2. Age ≥18 years at screening visit 1

3. Previous versions of the protocol prior to US amendment ver 6.0 and outside of US
amendment ver 7.0:

Receiving or initiating hemodialysis or peritoneal dialysis for treatment of native
kidney end-stage renal disease (ESRD) at least 30 days prior to visit 1. Patients
treated with hemodialysis must have access consisting of an arteriovenous fistula, AV
graft, or tunneled (permanent) catheter.

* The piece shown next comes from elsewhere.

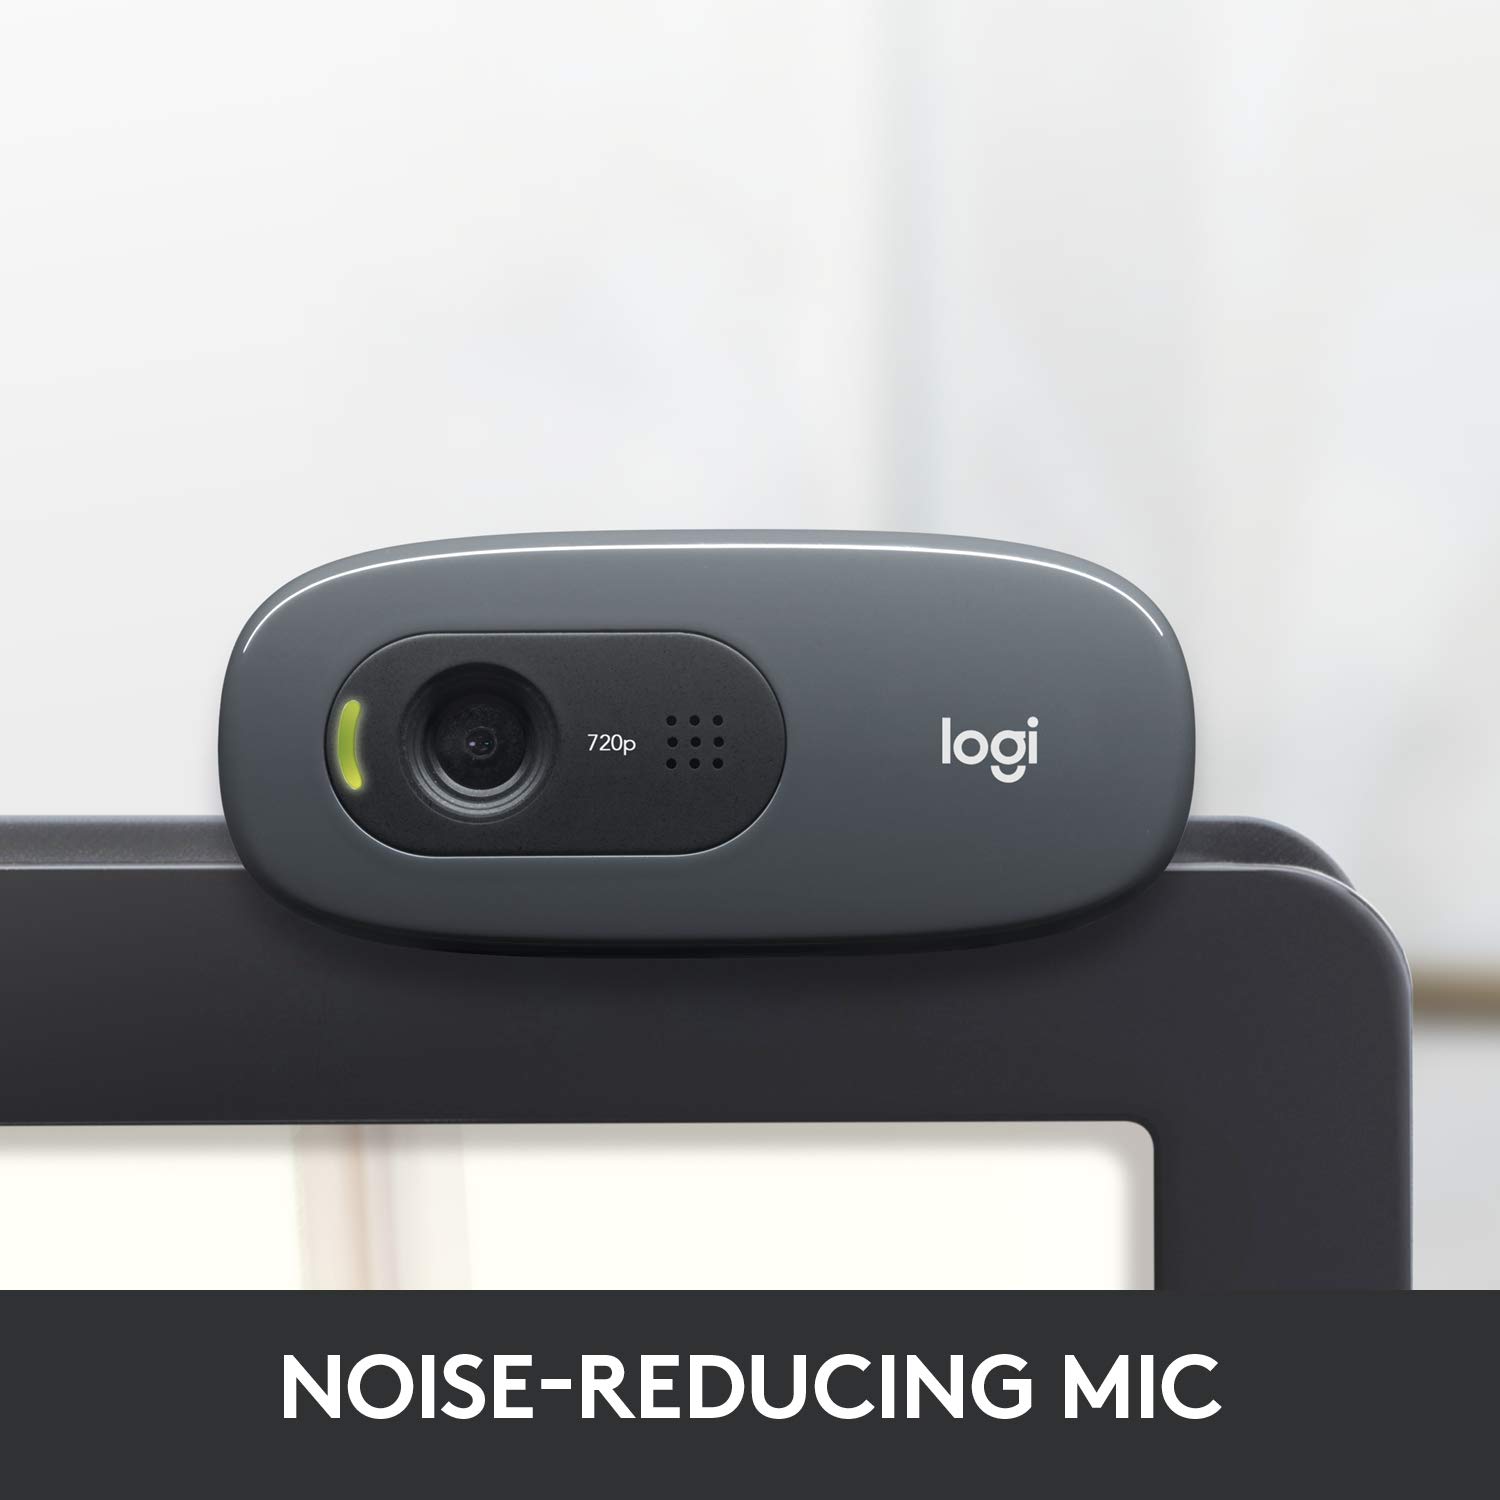 Webcam Logitech C270 720p HD - Góc cam 55 độ, micro giảm ồn, tự động chỉnh sáng cho Video Call, chụp ảnh 3MB, phù hợp PC/ Laptop - Hàng chính hãng

Patients on peritoneal dialysis must have a
functioning peritoneal dialysis catheter in place.

Starting with US amendment ver. 6.0 and outside of US amendment ver 7.0 (changed to
recruit incident dialysis patients only):

Receiving or initiating hemodialysis or peritoneal dialysis for treatment of native
kidney end-stage renal disease (ESRD) for a minimum of 2 weeks and a maximum of 4
months prior to randomization. Patients treated with hemodialysis must have access
consisting of an arteriovenous fistula, AV graft, or tunneled (permanent) catheter.
Patients on peritoneal dialysis must have a functioning peritoneal dialysis catheter
in place.

4. Two central laboratory Hb values during the screening period, obtained at least 7 days
apart, must be <12 g/dL in patients currently treated with an erythropoietin analogue
or <10 g/dL in patients not currently treated with an erythropoietin analogue.
Patients are considered not currently treated if they have not received either
Mircera® for at least 8 weeks or any other erythropoietin analogue for at least 4
weeks prior to visit 1.

5. Ferritin ≥100 ng/mL at randomization (obtained from screening visit)

6. TSAT ≥20% at randomization (obtained from screening visit)

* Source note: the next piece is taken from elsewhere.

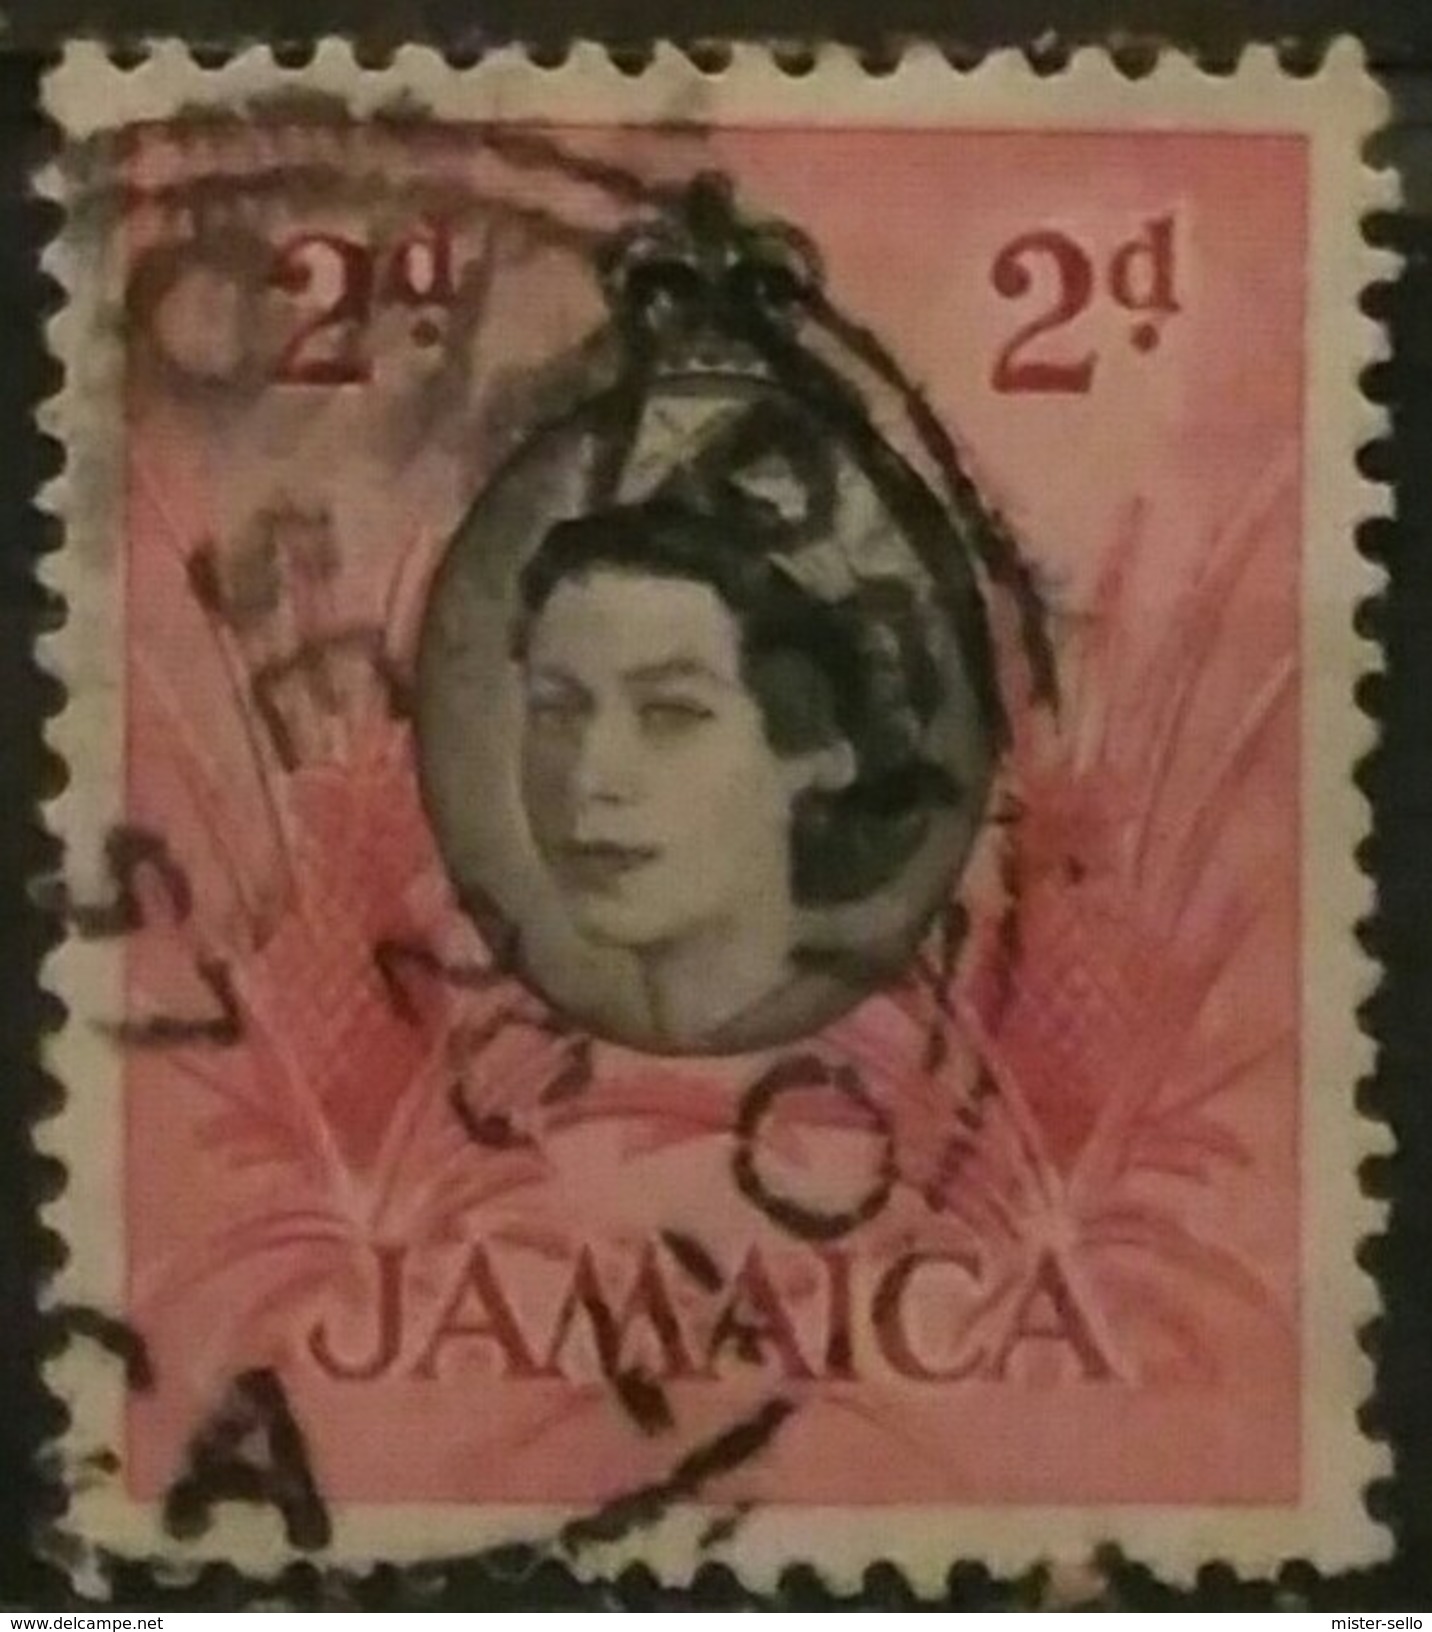 JAMAICA 1956 Local Motifs. USADO - USED. - Jamaica (1962-...)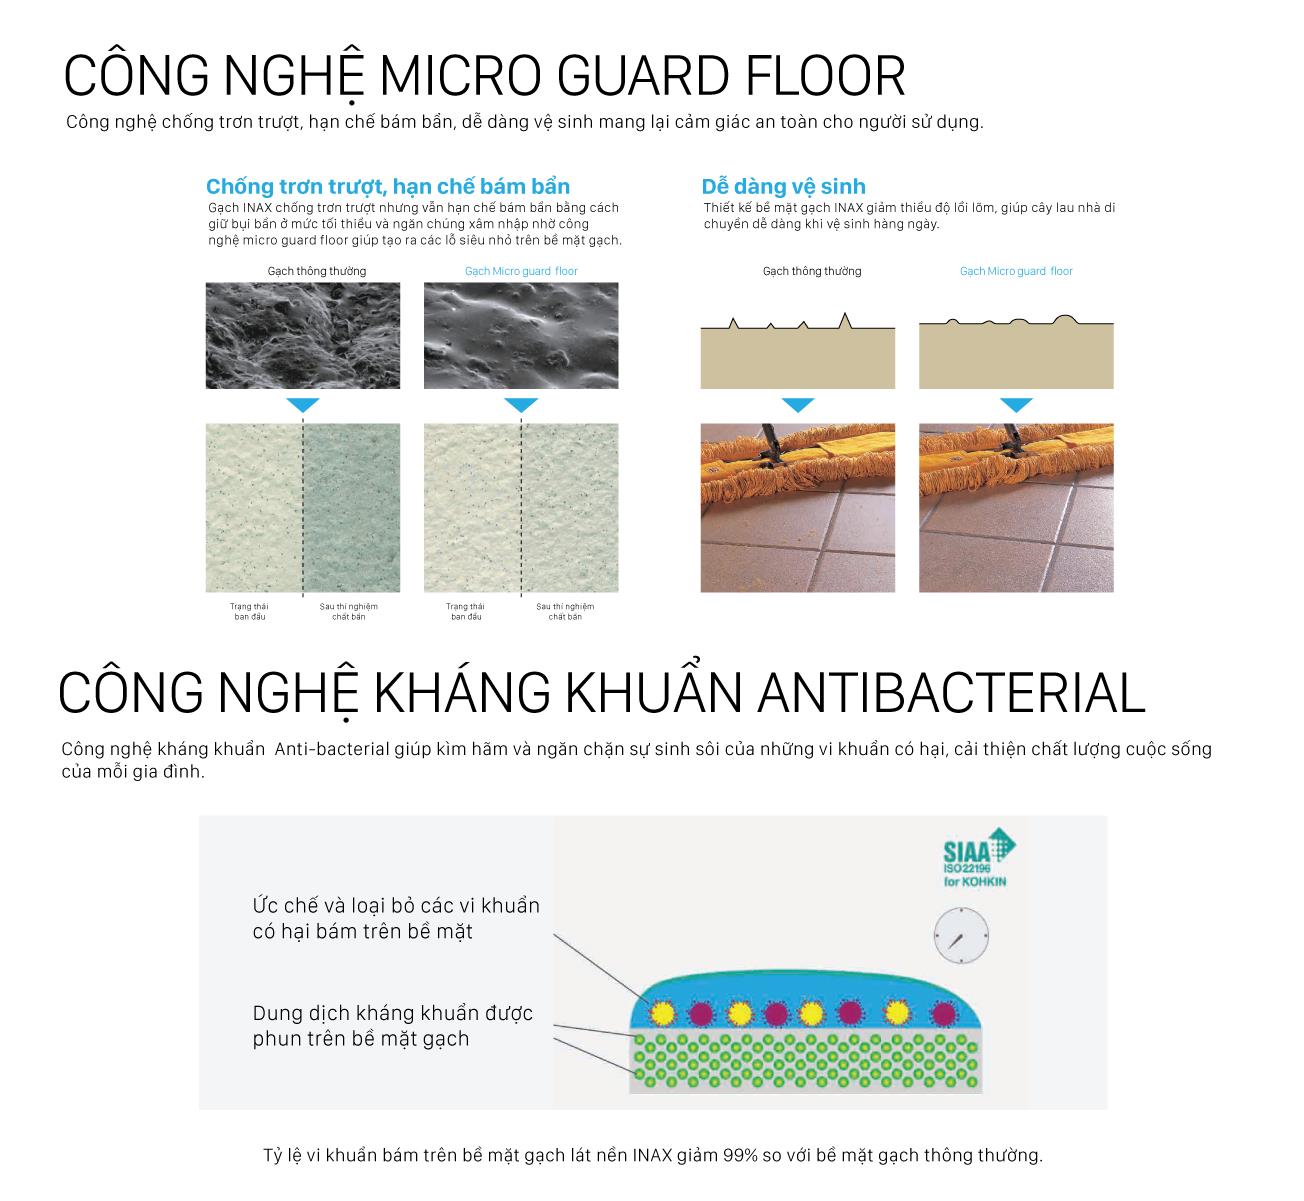 INAX ra mắt gạch lát sàn mới, đưa thiên nhiên vào không gian sống - Ảnh 2.

7. Serum folate level ≥ lower limit of normal (LLN) at randomization (obtained from
screening visit)

8. Serum vitamin B12 level ≥ LLN at randomization (obtained from screening visit)

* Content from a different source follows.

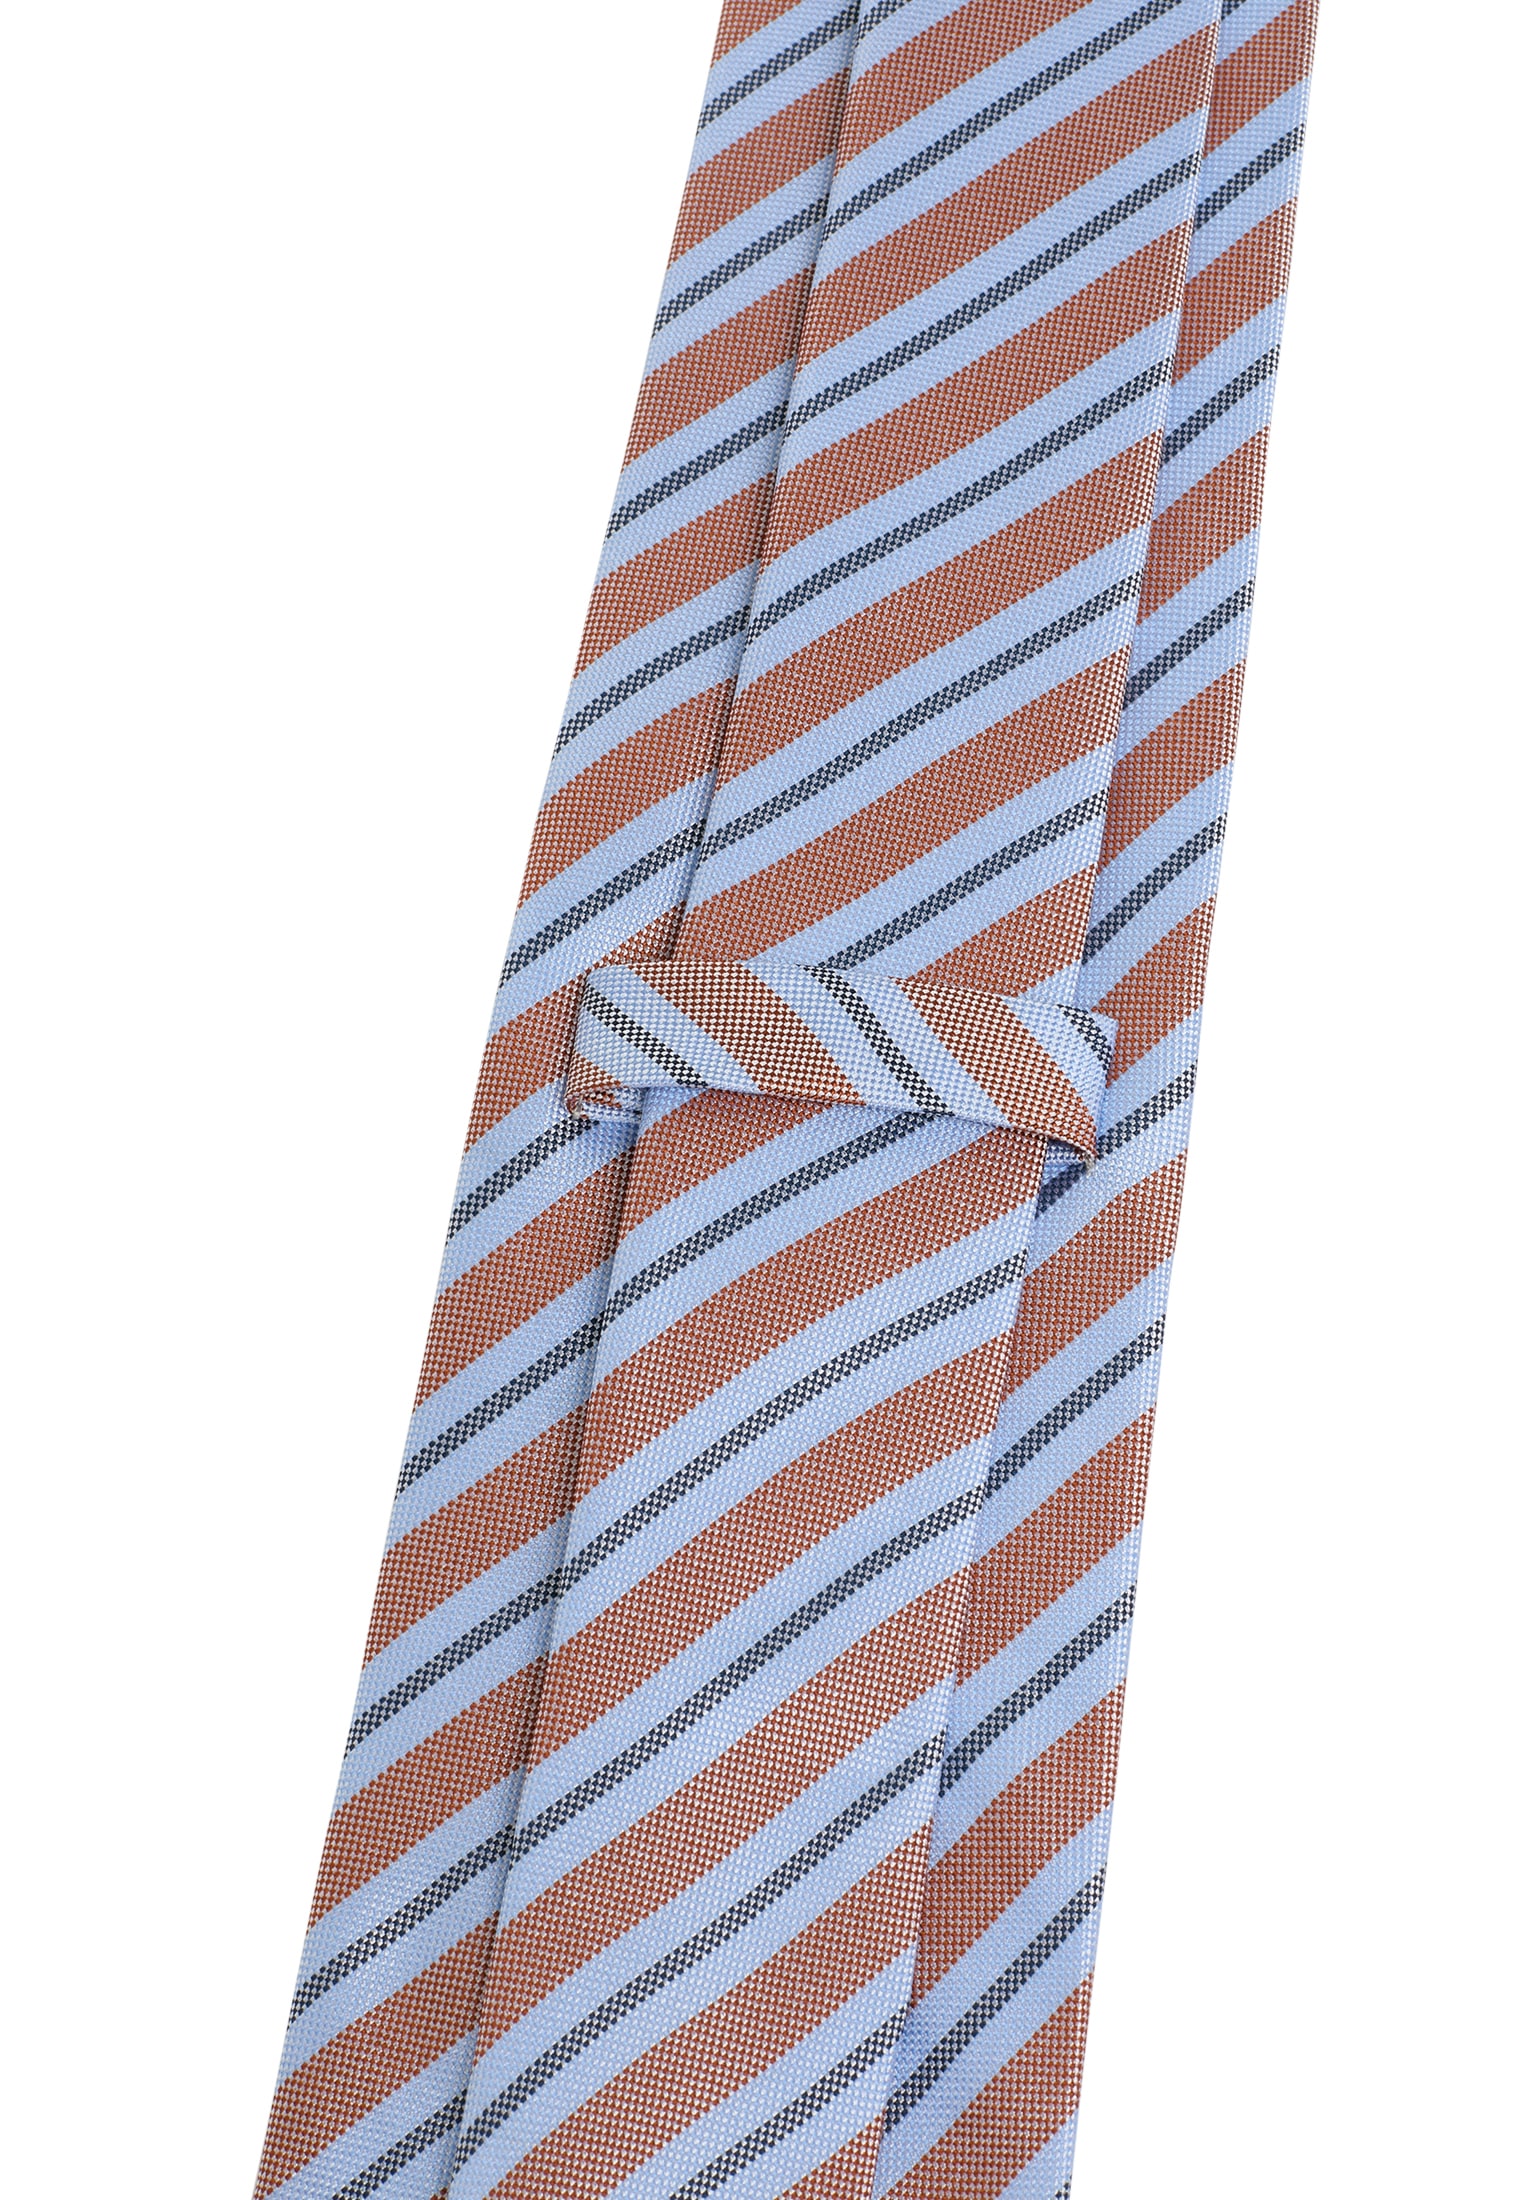 Krawatten online kaufen | Krawatte und mehr jetzt bei Ackermann | Fliegen

9. Alanine aminotransferase (ALT) and aspartate aminotransferase (AST) ≤3x upper limit of
normal (ULN), and total bilirubin (Tbili) ≤1.5 x ULN at randomization (obtained from
screening visit)

10. Body weight 45 to 160 kg (prescribed dry weight)

Exclusion criteria:

1. Involvement in the planning and/or conduct of the study (applies to both AstraZeneca
staff and/or staff at the study site)

2. Previous randomisation in the present study

3. New York Heart Association Class III or IV congestive heart failure at enrolment

4. Myocardial infarction, acute coronary syndrome, stroke, seizure or a
thrombotic/thromboembolic event (e.g., deep vein thrombosis or pulmonary embolism)
within 12 weeks prior to randomization

5. History of chronic liver disease (e.g., chronic infectious hepatitis, chronic
auto-immune liver disease, cirrhosis or fibrosis of the liver)

6. Known hereditary hematologic disease such as thalassemia, sickle cell anemia, a
history of pure red cell aplasia or other known causes for anemia other than CKD

7. Known and untreated retinal vein occlusion or known and untreated proliferative
diabetic retinopathy (risk for retinal vein thrombosis)

8. Diagnosis or suspicion (e.g. complex kidney cyst of Bosniak Category IIF, III or IV)
of renal cell carcinoma on renal ultrasound (or other imaging procedure e.g. CT scan
or MRI) conducted at screening or within 12 weeks prior to randomization.

9. Uncontrolled hypertension at the time of randomization (defined as systolic BP ≥180
mmHg or diastolic BP ≥100 mmHg on repeated measurement post-dialysis in hemodialysis
patients or at any time in peritoneal dialysis patients), contraindication to epoetin
alfa treatment (e.g., pure red cell aplasia, hypersensitivity or know inability to
tolerate epoetin alfa)

10. History of prostate cancer, breast cancer or any other malignancy, except the
following: cancers determined to be cured or in remission for ≥5 years, curatively
resected basal cell or squamous cell skin cancers, cervical cancer in situ or resected
colonic polyps.

11. Positive for any of the following: human immunodeficiency virus (HIV), hepatitis B
surface antigen (HBsAg) or anti-hepatitis C virus antibody (anti-HCV Ab)

12. Chronic inflammatory diseases such as rheumatoid arthritis, SLE, ankylosing
spondylitis, psoriatic arthritis or inflammatory bowel disease that is determined to
be the principal cause of anemia

13. Known hemosiderosis, hemochromatosis or hypercoagulable condition

14. Any prior organ transplant with the exception of an autologous renal transplant or a
renal transplant that was subsequently removed ("explanted") or scheduled organ
transplantation date

15. Any red blood cell (RBC) transfusion during the screening period

16. Any current condition leading to active significant blood loss

17. Any prior treatment with roxadustat or a hypoxia-inducible factor prolyl hydroxylase
inhibitor (HIF-PHI)

18. Has received another new chemical entity (defined as a compound which has not been
approved for marketing) or has participated in any other clinical study that included
drug treatment within the month preceding the first administration of IP in this
study. (Note: patients consented and screened, but not randomized in this study or a
previous study are not excluded)

19. History of alcohol or drug abuse within 2 years prior to randomization

20. Females of childbearing potential, unless using contraception as detailed in the
protocol or sexual abstinence (see Section 3.8)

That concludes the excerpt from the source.